Authors: Laura Flynn
Tags: #Biography & Autobiography, #Personal Memoirs, #Family & Relationships, #Siblings
What I did do was scour bookstores for information on psychology and mental illness. I was drawn, over and over, to the
Diagnostic and Statistical Manual of Mental Disorders
in the school library. The first time I hefted the book from the shelf, checking to make sure no one was looking, I sat at the back of the library, as if I were doing something dirty. I thumbed through the pages, my heart pounding, until I found what I was looking for. The entry was cold comfort. Most of it I already knew: the symptoms, the categories, the prognosis, embarrassing, awful, and grim, respectively. Then there was a section on genetics. I’d gotten wind of this already, but the statistics stunned me: the children of schizophrenics had a 30 percent chance of inheriting the disease. Thirty percent. Almost one in three. I was one of three—bookish, solitary, I even looked the most like my mother. I knew, just knew, that if anyone were taking bets back then, they’d have bet on me.

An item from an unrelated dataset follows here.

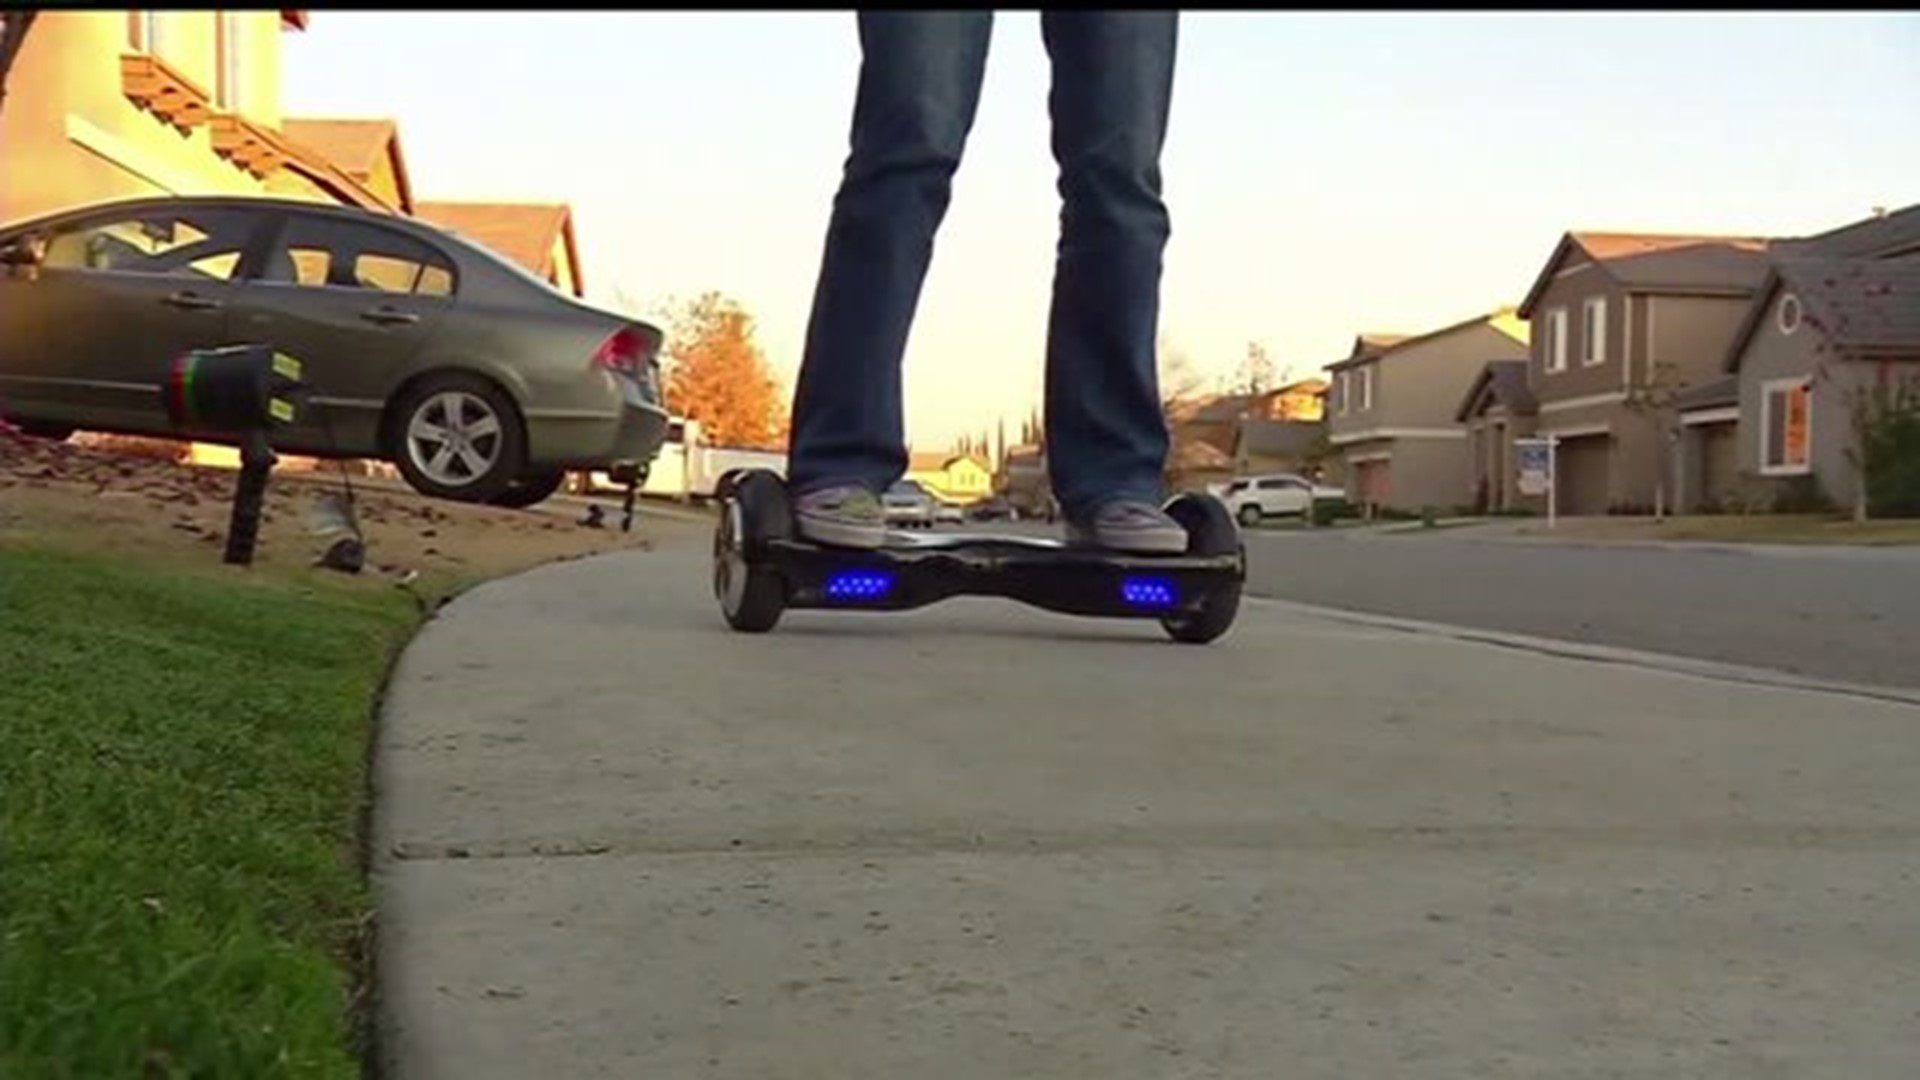 Hoverboards banned from local colleges and universities

My sisters and I would visit my mother’s parents in Denver every couple of years. What I remember best about those visits is morning chats with my grandmother at her kitchen table in the long, slow hours between breakfast and lunch, while my grandfather was out. The smell of bacon, the fat still solidifying in the frying pan on the stove, lingered in the air. Their house was always over-climatized, too cold in summer, too warm in winter. Sadie kept the television on low. The sound of Phil Donahue pestering his audience made a companionable hum in the room.
When conversation turned to my mother, as it inevitably did, Sadie would bring out the pictures2just can’t imagine how much potential your mother had . . .” Her voice would catch in her throat; a few tears would gather in the corners of her very blue eyes and roll over the loose skin of her cheeks. Sitting across from her, I would fiddle with the pink packets of arti-ficial sweetener she kept on the table for coffee and iced tea. I lined and realigned them in their dish. We would sit, transfixed in silence for a few moments. There were no words for the loss that lay always between us. It bound us and, sometimes, made it hard to be together. As my sisters and I grew older and came to resemble my mother, it was impossible for Sadie to look at us without thinking of my mother. I can say this for Sadie: she never avoided the pain. She let her sorrow show.
My grandfather was considerably more stoic, but the loss was just as devastating. I have a letter he wrote to my mother in 1979—two years after my father gained custody of my sisters and me. He wrote to my mother via her bank, which was for many years the only point of contact any of us had for her.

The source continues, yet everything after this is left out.